[Records for this exercise Boundary: Start]

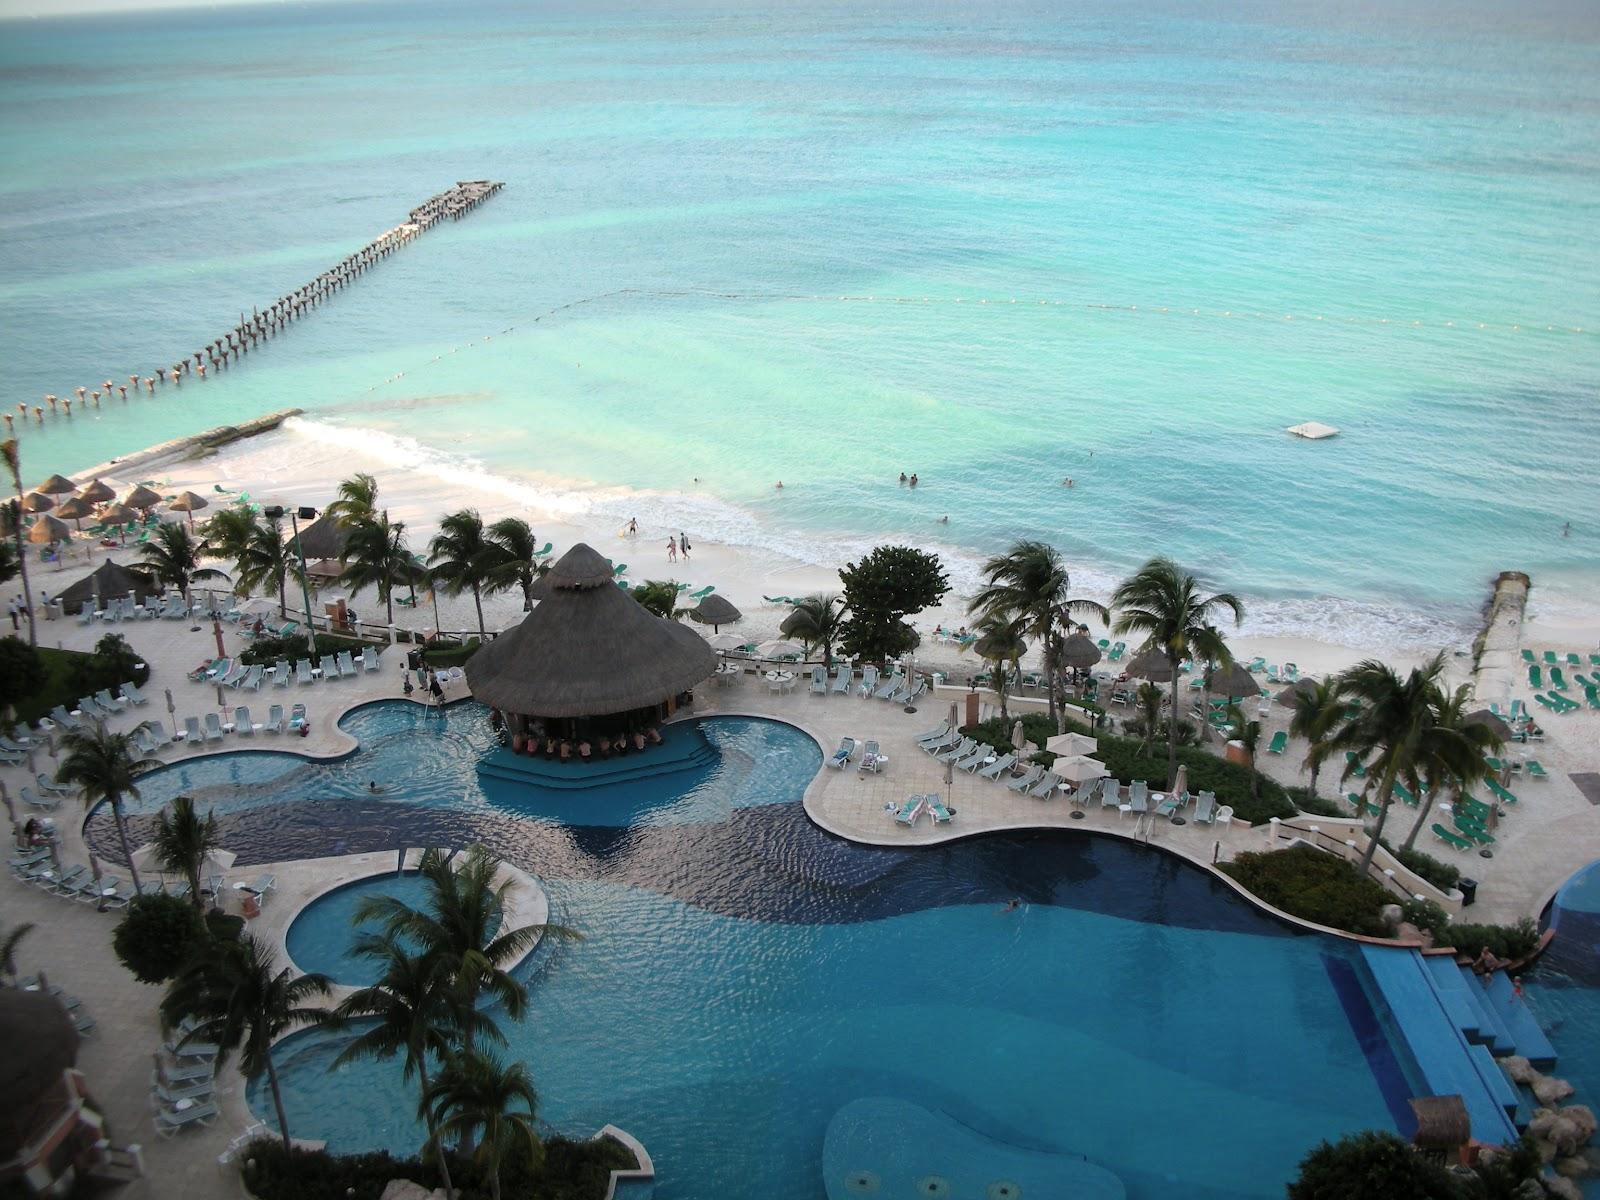 Wallpaper Hd De Cancun: World Most Popular Places: Cancun Beach Mexico Walpapers
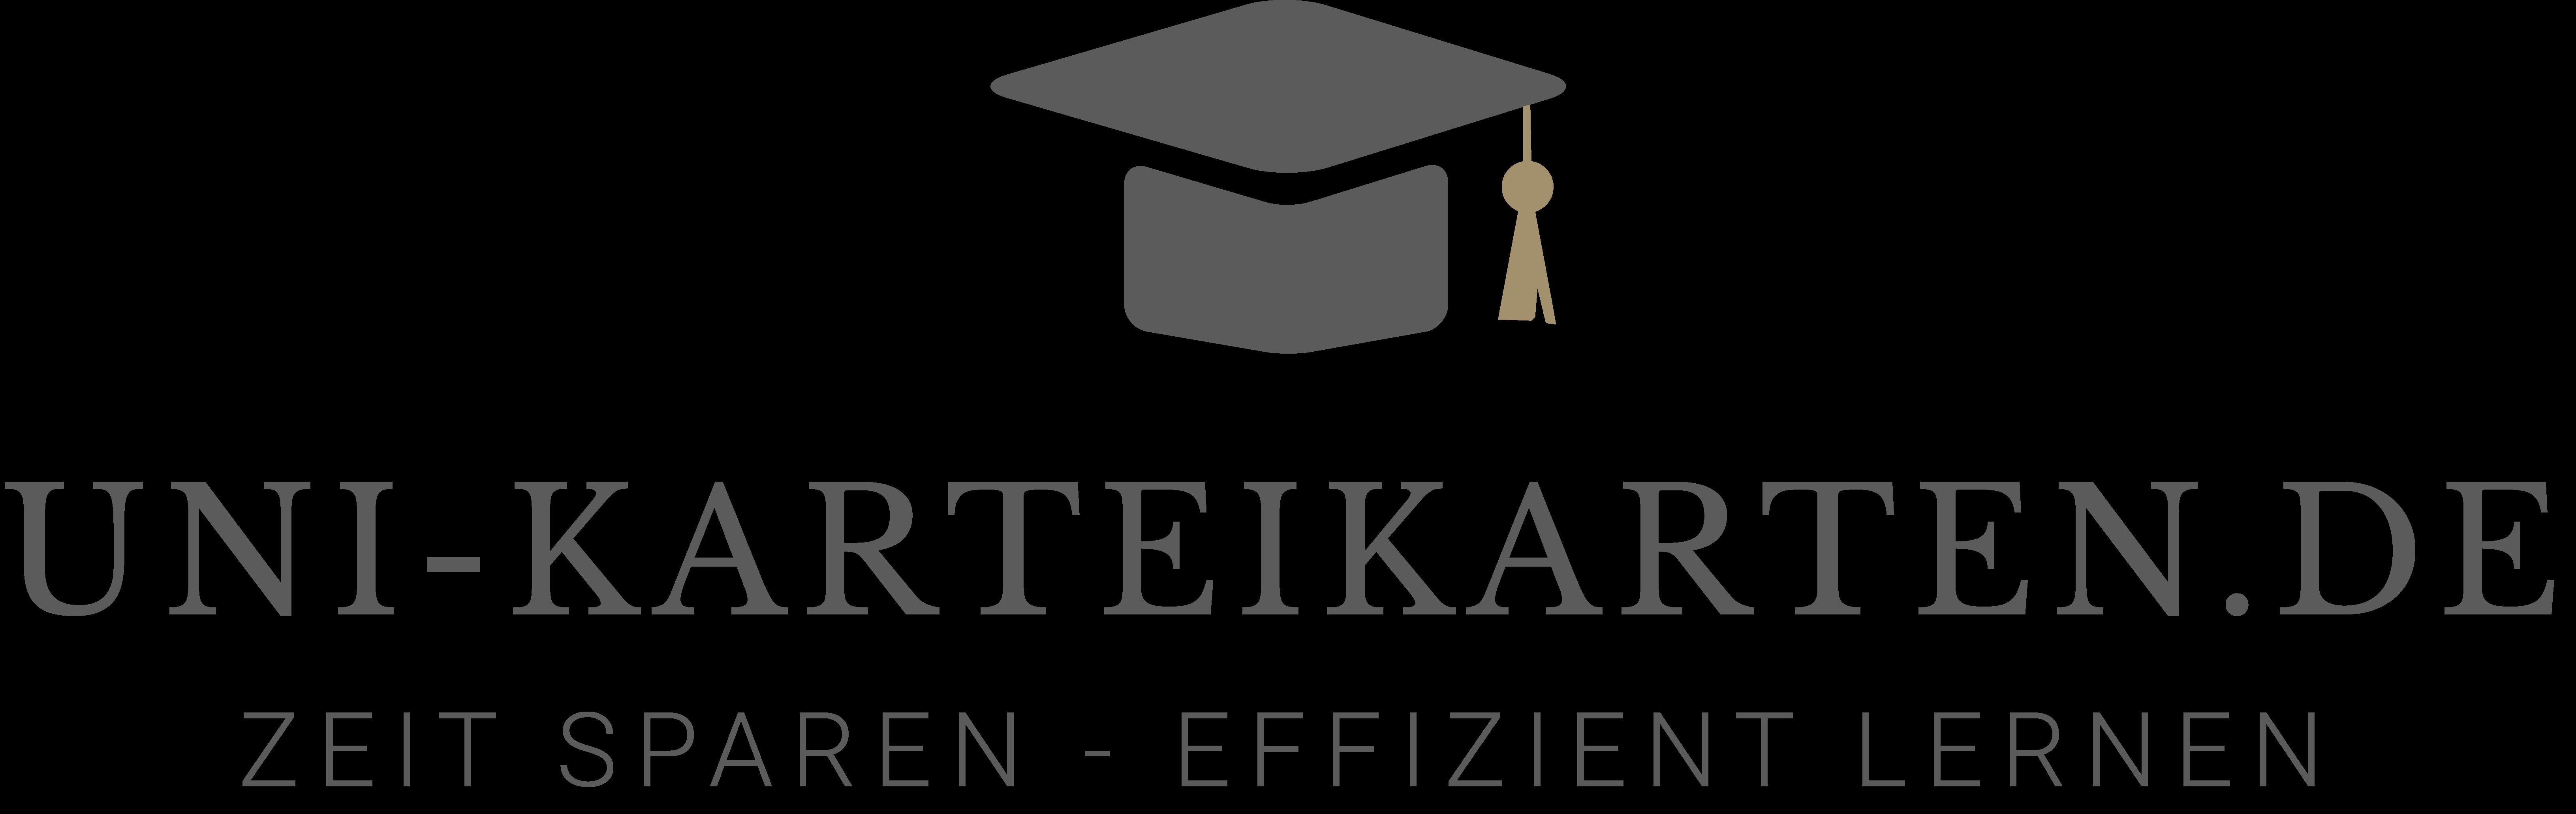 UNI-KARTEIKARTEN.de
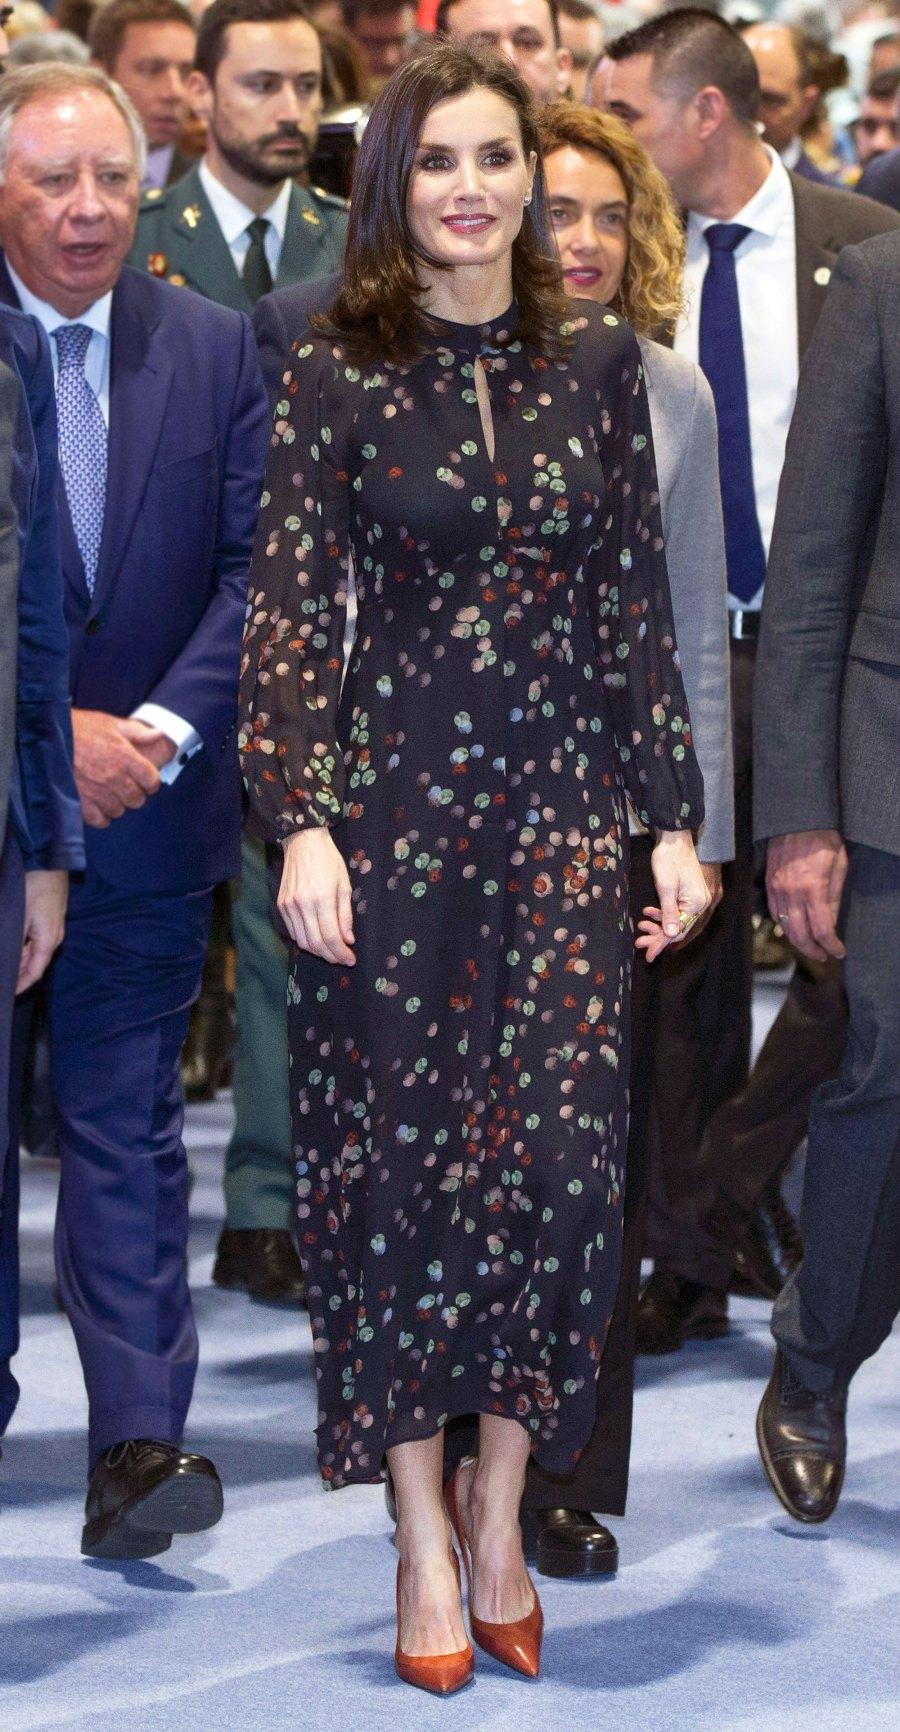 Queen Letizia Favorite Frock January 22, 2020
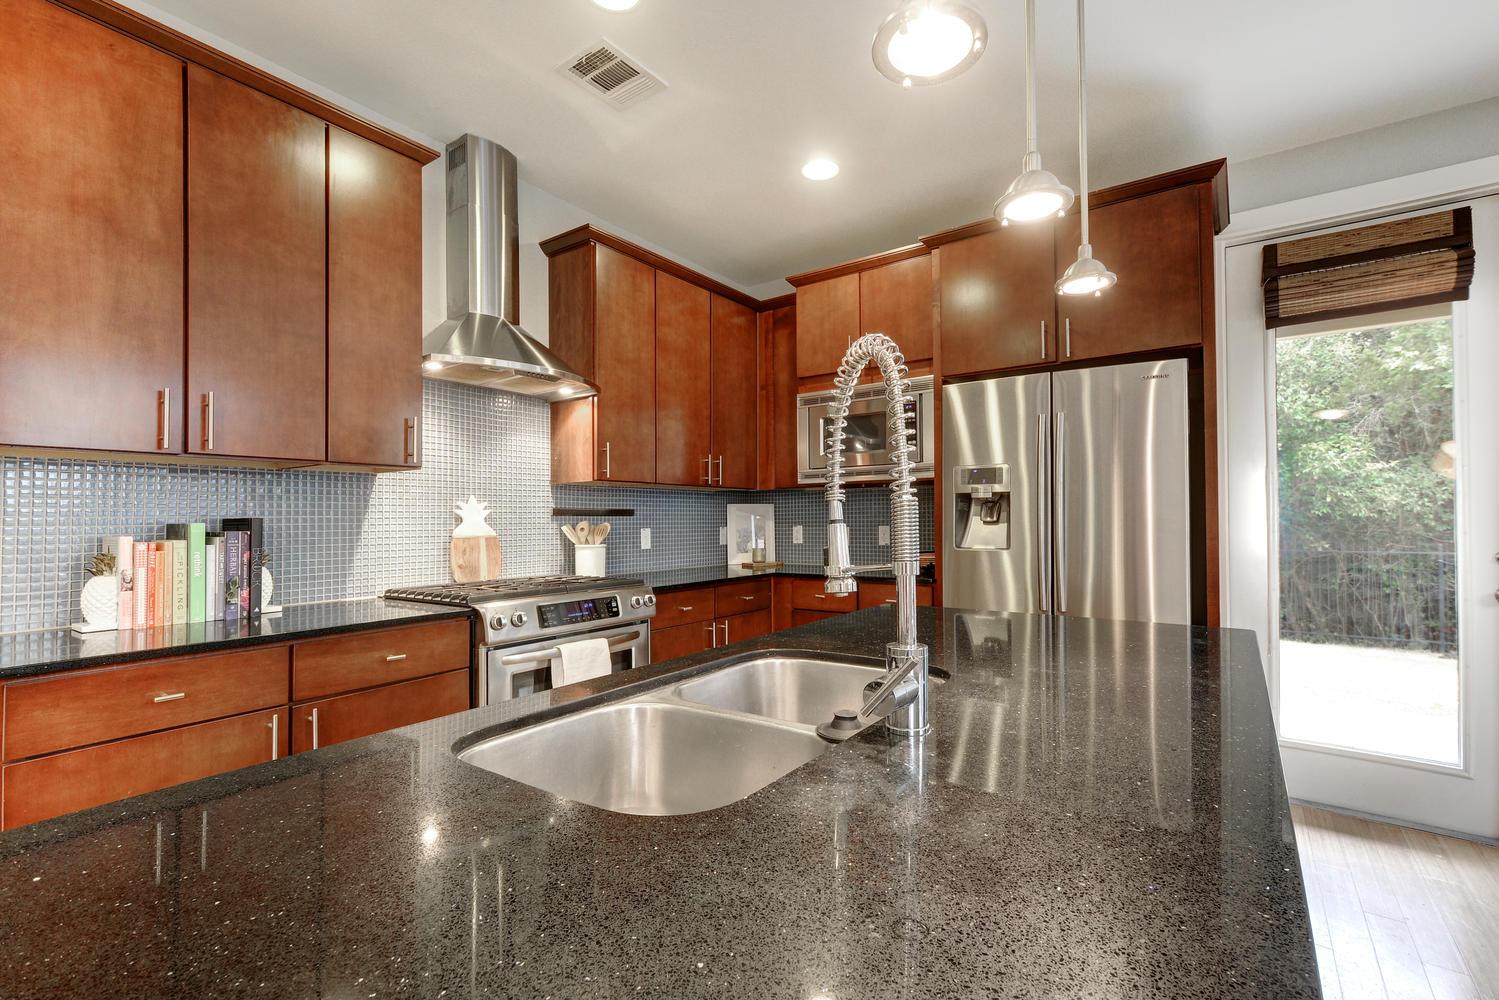 2909 Corbin Ln-large-012-21-Kitchen 005-1499x1000-72dpi.jpg
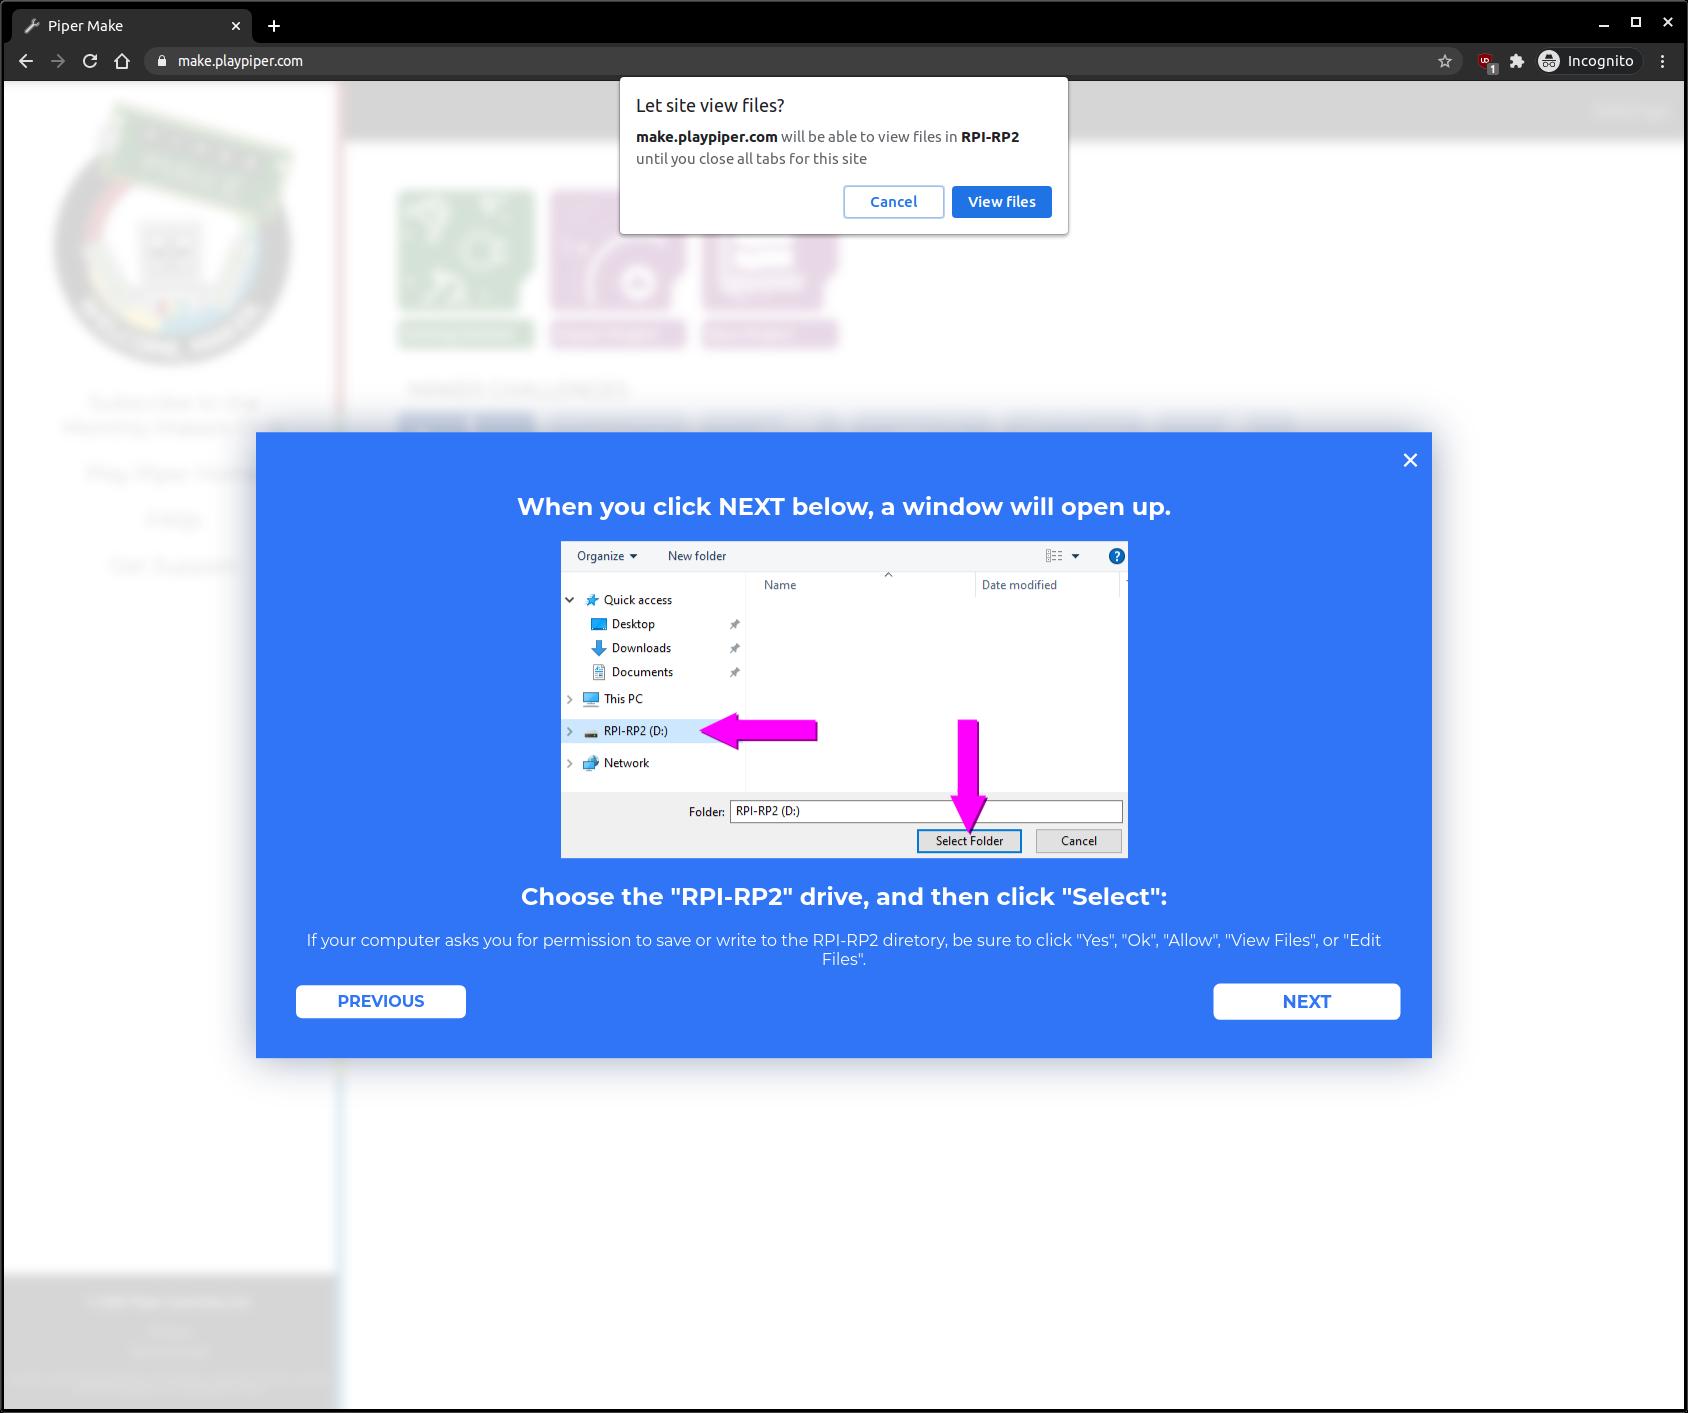 raspberry_pi_Screenshot_from_2021-04-16_17-19-19.png

[Records for this exercise Boundary: End]

> [Assigned task] Your answer should reproduce every line of the data verbatim and include no images.

> [Answer to this exercise]
 Wallpaper Hd De Cancun: World Most Popular Places: Cancun Beach Mexico Walpapers
 UNI-KARTEIKARTEN.de
 Queen Letizia Favorite Frock January 22, 2020
 2909 Corbin Ln-large-012-21-Kitchen 005-1499x1000-72dpi.jpg
 raspberry_pi_Screenshot_from_2021-04-16_17-19-19.png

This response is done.